:: Problem ::
The answer is the line containing "RANGE ROVER GUN" plus every line after it to the end of the material, retyped exactly and without the pictures.
─── Given data ───
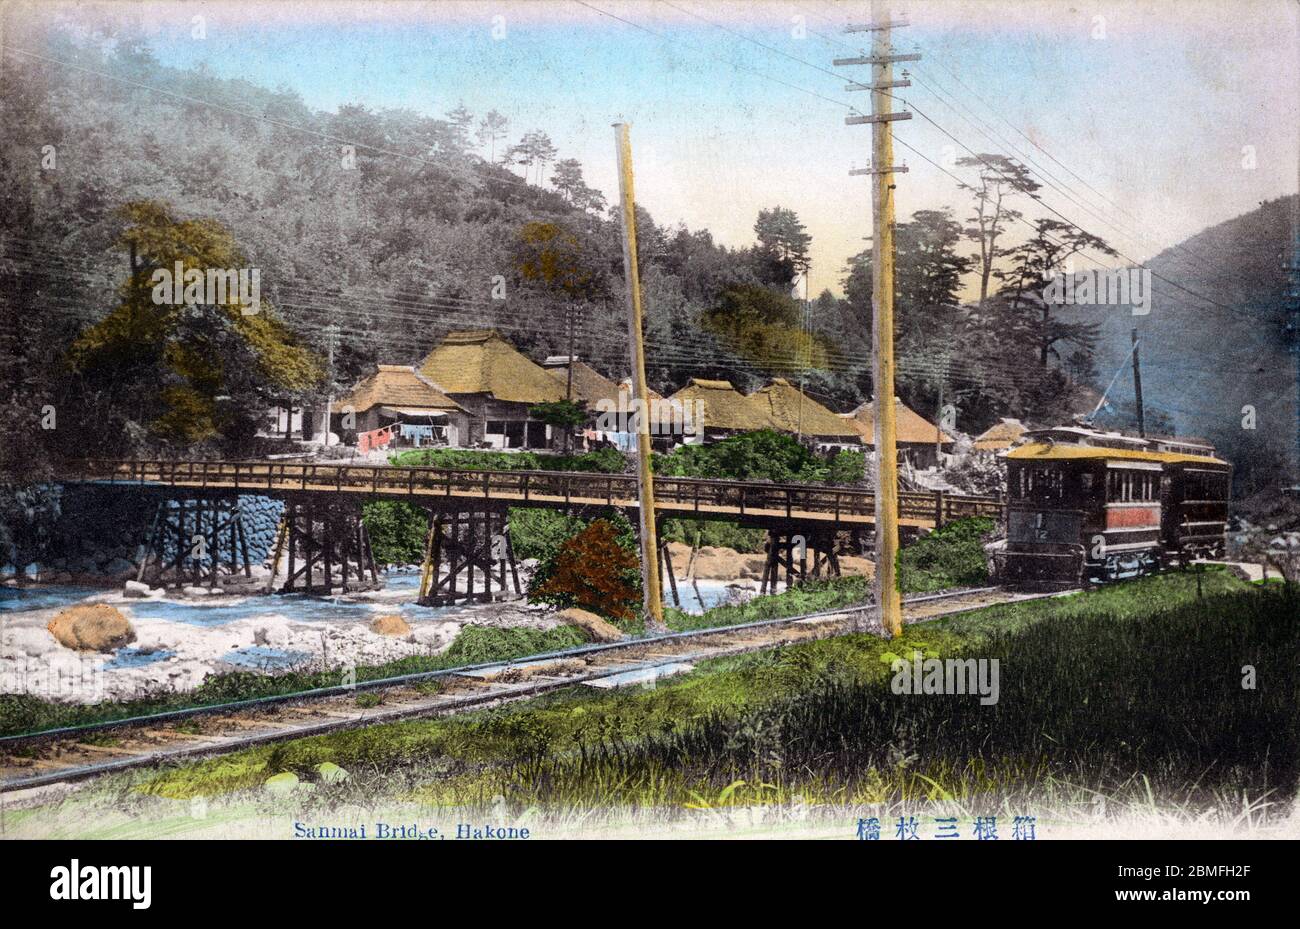 [ 1900s Japan - Train in Japanese Countryside ] —   A train rides along the Hayakawa River (早川) at Sanmaibashi (三枚橋) in Hakone, Kanagawa Prefecture. At the back, teahouses with thatched roofs are visible.  20th century vintage postcard. Stock Photo
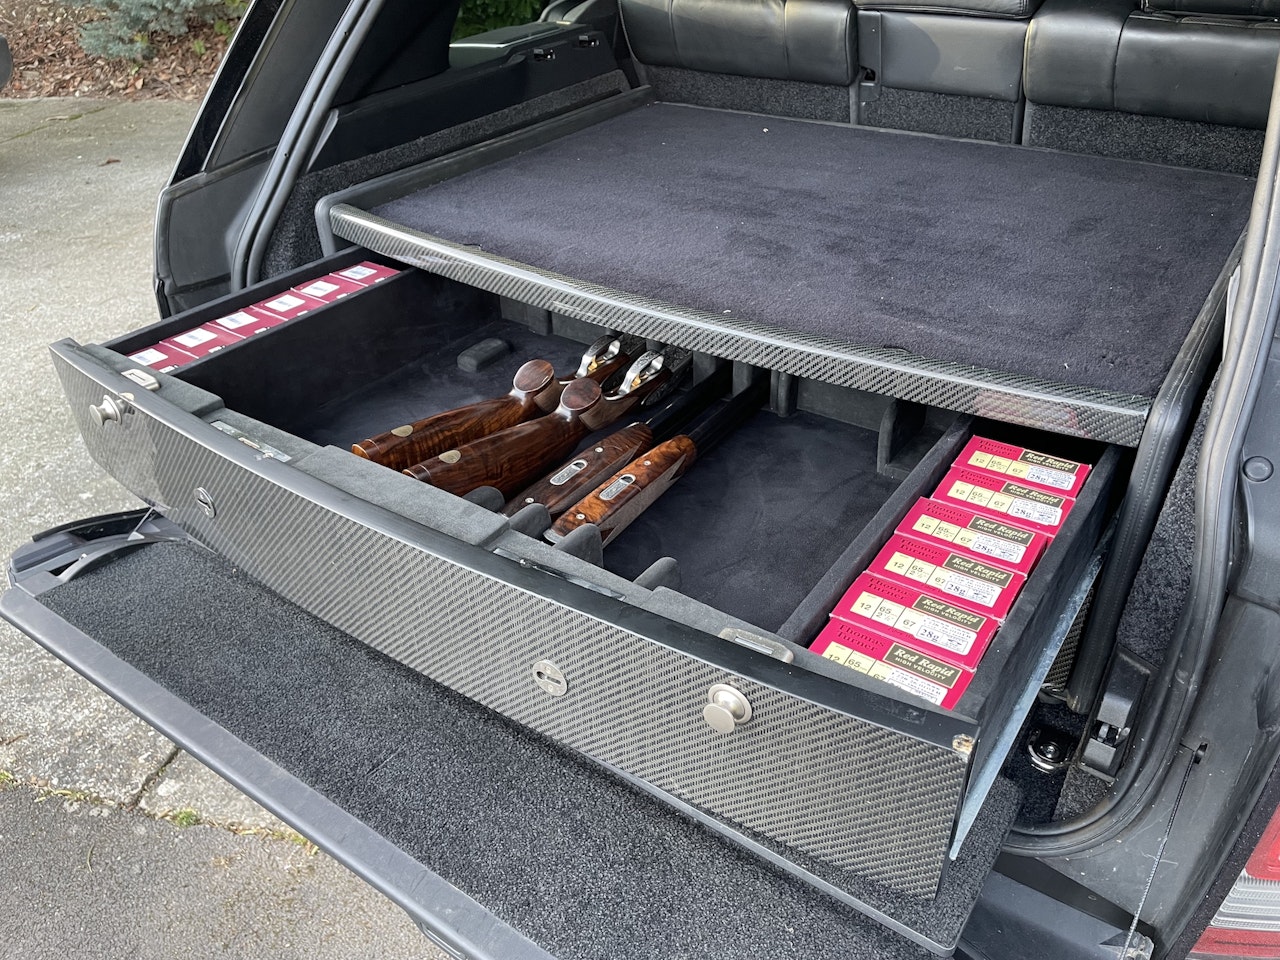 RANGE ROVER GUN BOX for sale by auction in Marlow, Buckinghamshire, United  Kingdom
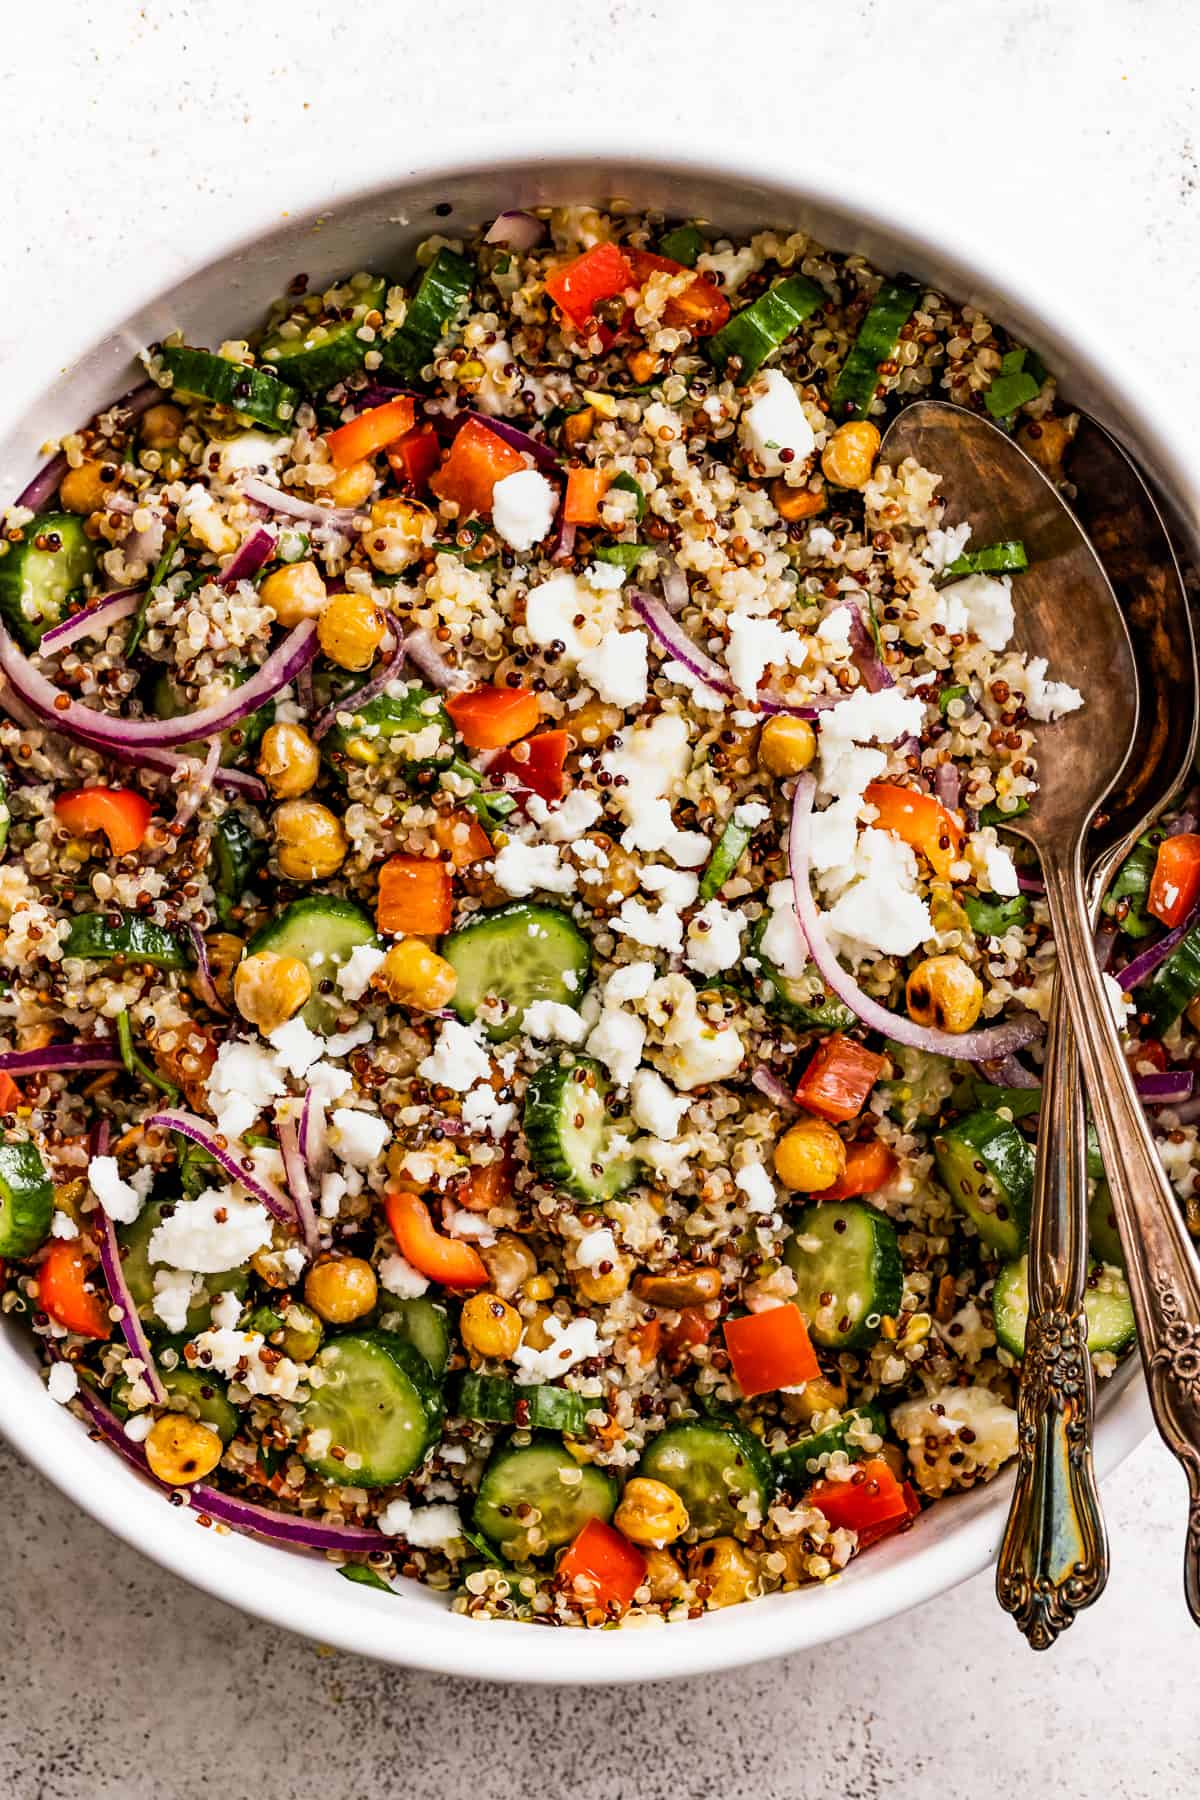 A bowl with Tri-color quinoa salad tossed with crunchy chickpeas and drizzled with homemade dressing.
───
:: Output below ::
 RANGE ROVER GUN BOX for sale by auction in Marlow, Buckinghamshire, United  Kingdom
 A bowl with Tri-color quinoa salad tossed with crunchy chickpeas and drizzled with homemade dressing.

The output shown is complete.